Report back each line of the records that contains the string "Gismonda".

Segment Start: Provided information

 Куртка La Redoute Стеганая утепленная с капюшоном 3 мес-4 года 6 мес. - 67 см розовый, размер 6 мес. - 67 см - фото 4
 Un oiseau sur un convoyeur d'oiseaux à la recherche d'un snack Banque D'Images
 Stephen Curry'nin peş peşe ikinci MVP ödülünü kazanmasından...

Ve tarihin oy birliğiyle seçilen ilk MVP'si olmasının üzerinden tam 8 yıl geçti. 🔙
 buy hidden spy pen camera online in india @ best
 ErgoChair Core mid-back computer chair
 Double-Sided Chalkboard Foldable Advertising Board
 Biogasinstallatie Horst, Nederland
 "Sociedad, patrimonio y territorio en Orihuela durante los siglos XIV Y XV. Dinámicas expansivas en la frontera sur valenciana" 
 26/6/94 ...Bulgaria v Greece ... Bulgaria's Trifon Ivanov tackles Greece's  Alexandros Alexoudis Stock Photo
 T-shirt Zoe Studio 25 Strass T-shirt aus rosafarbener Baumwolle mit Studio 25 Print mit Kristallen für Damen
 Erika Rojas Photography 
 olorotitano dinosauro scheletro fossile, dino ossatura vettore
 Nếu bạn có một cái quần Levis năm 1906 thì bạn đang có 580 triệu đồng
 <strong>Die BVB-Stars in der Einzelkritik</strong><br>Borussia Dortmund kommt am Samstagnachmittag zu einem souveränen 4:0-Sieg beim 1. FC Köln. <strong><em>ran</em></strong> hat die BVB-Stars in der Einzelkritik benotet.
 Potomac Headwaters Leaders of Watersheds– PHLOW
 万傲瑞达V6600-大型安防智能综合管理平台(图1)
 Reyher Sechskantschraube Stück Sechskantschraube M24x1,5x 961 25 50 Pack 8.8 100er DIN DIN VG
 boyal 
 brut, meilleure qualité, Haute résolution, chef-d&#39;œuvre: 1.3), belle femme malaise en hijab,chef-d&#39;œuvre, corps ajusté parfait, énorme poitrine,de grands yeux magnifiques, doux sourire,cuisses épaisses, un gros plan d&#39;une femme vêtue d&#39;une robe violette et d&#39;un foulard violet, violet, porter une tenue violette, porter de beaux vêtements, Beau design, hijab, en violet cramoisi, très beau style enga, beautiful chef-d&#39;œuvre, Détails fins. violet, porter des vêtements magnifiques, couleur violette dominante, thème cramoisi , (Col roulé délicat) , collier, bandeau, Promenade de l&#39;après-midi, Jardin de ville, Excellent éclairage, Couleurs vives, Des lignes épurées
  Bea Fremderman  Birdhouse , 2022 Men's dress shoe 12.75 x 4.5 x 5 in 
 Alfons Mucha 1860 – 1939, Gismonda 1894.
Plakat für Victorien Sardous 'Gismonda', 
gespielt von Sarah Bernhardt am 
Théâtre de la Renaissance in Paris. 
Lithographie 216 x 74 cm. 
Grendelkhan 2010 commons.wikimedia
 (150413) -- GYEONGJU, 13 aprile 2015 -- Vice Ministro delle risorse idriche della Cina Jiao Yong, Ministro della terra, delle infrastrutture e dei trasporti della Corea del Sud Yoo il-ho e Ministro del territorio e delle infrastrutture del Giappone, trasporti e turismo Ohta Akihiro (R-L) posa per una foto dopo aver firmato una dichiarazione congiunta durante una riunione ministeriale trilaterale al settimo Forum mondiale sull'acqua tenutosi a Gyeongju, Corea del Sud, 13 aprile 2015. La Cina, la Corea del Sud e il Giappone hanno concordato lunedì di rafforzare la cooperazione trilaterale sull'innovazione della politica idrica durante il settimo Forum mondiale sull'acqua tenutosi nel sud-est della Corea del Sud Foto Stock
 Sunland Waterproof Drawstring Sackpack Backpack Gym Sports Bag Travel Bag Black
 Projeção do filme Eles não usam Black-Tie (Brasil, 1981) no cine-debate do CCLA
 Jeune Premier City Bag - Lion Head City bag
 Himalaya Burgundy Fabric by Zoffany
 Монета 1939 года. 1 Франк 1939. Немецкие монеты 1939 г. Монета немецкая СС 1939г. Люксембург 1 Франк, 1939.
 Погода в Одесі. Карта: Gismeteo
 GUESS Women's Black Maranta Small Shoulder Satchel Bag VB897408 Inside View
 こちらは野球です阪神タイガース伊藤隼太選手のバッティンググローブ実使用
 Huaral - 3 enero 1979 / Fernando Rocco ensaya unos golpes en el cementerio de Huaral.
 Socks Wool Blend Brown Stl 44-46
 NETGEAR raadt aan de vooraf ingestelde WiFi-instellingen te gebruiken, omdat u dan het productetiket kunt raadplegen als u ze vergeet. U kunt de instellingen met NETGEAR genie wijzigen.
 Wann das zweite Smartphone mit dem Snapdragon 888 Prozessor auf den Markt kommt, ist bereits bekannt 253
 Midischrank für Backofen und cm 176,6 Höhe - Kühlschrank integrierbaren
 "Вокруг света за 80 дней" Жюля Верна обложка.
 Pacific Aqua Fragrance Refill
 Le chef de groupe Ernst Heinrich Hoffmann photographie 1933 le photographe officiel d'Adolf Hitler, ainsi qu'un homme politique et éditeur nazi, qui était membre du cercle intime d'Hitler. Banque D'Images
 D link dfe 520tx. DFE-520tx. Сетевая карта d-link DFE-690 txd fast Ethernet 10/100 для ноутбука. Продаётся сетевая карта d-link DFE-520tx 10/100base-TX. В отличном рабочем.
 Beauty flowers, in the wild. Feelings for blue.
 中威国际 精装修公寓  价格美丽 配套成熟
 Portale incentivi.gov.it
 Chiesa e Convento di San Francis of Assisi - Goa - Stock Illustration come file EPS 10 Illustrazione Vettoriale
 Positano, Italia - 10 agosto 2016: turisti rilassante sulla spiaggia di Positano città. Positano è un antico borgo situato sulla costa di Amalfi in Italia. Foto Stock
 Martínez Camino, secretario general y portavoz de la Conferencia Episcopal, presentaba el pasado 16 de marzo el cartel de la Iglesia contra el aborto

Segment End: Provided information

→ Exercise output
 Alfons Mucha 1860 – 1939, Gismonda 1894.
Plakat für Victorien Sardous 'Gismonda', 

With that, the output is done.